The number of mortgages requiring a 5% deposit as now reached 260 – that’s up from 141 95% mortgages that were available last year. The total was boosted by 68 products that came onto the market in the last three months.

The figures come from mortgage insurer Genworth who say this represents an 84% increase.

One reason for the rapid growth has been the response from lenders to help those with a 5% deposit to buy a property under the Help to Buy scheme which was introduced by the government.

Genworth says there are now six times as many mortgages available for the Help to Buy scheme as there were in September 2013, when the second phase was launched.

Growth in 95% mortgages available

Alongside the growth in 95% mortgages available, the rate being offered on a two-year fixed deal has also improved.

House buyers will find that the interest rate has fallen from 5.27% to 4.12% over the past 12 months.
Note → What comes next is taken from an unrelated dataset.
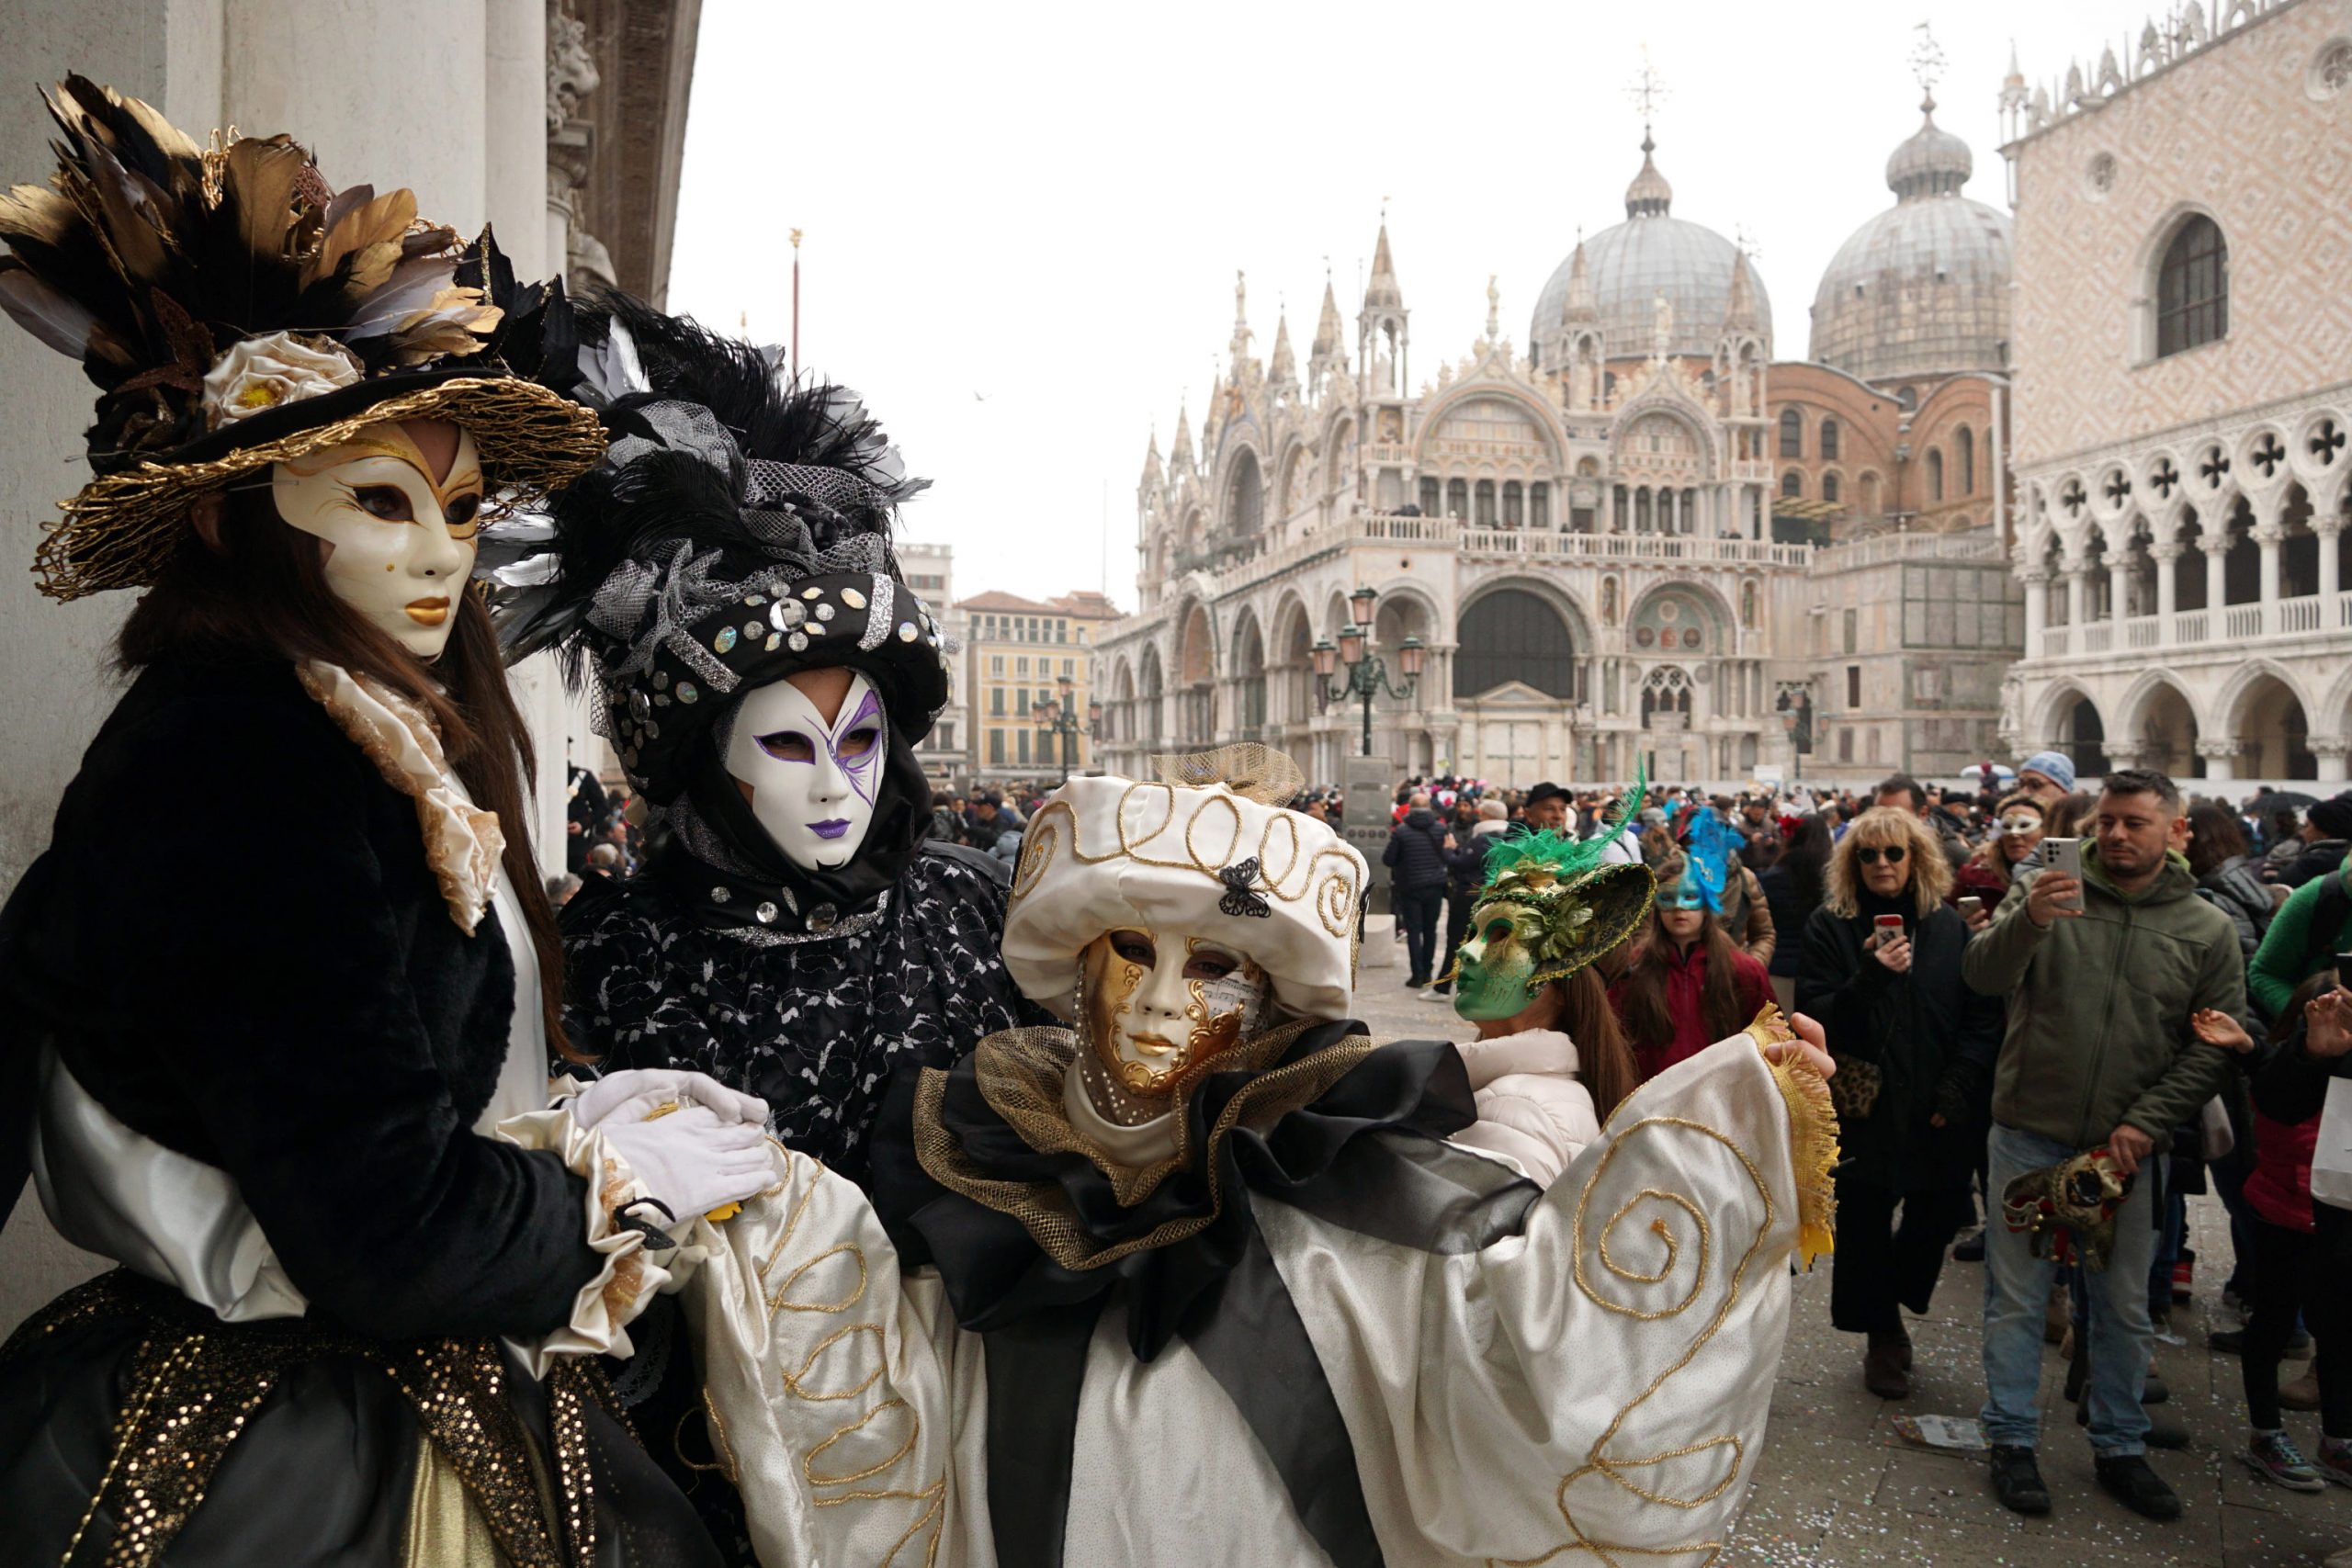 拚图两图)中国传统服饰首次亮相意大利威尼斯狂欢节 奏起《梁祝》
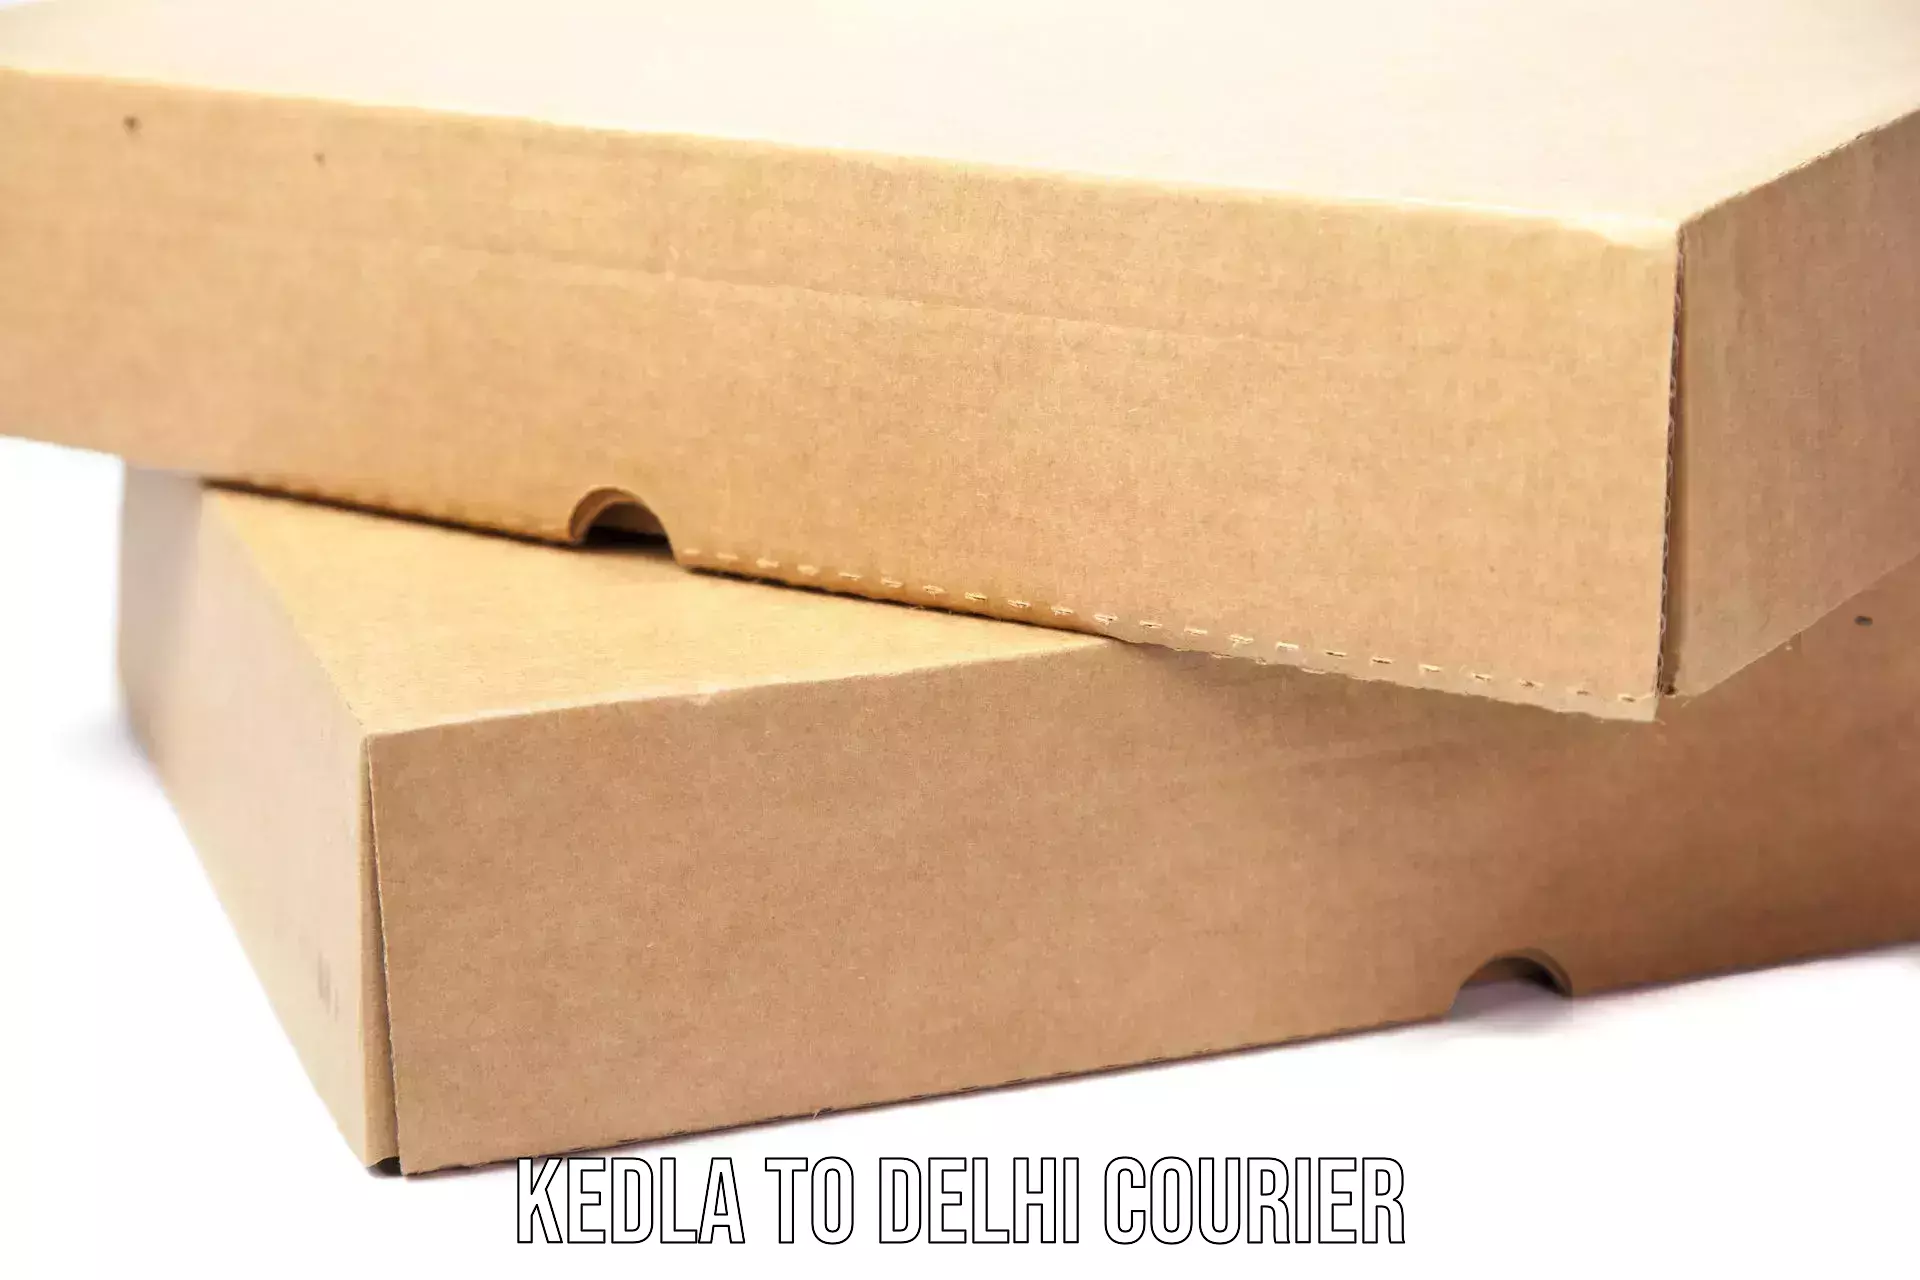 Seamless shipping experience Kedla to Delhi

However, there are many deals that are cheaper than this including one from Chelsea Building Society which is currently offering a two-year fixed deal at 3.64% which also has a fee of £1,675.

The HSBC is offering a two-year deal at 3.69% without a fee.

One mortgage broker told a national newspaper that house buyers with small deposits should hold on until they can save up for a 10% deposit since the mortgage rates will be much lower.

As an example, there’s a two-year fixed deal for customers with a 10% deposit with Yorkshire Building Society at 2.18% with a £1,475 fee.

However, Genworth is also highlighting that all sectors of the UK’s mortgage market has been undergoing growth, some sectors have fallen.

For instance, the number of 75% mortgages dropped between August and November by 38.

Good news from one the UK’s leading bridging finance lenders

Meanwhile, one of the UK’s leading bridging finance firms has announced an excellent end to 2015 with £330 million being loaned.

Now Amicus says that 2016 looks set to be a record setting year with lending set to break the £400 million barrier.

The firm’s managing director, Keith Aldridge, said: “Our story this year is one of growth, recruitment, acquisition and record performance.

“That’s part of our success and we are establishing initiatives that improves the quality of service.”

He also predicted that the UK’s short-term lending sector will see greater success in 2016.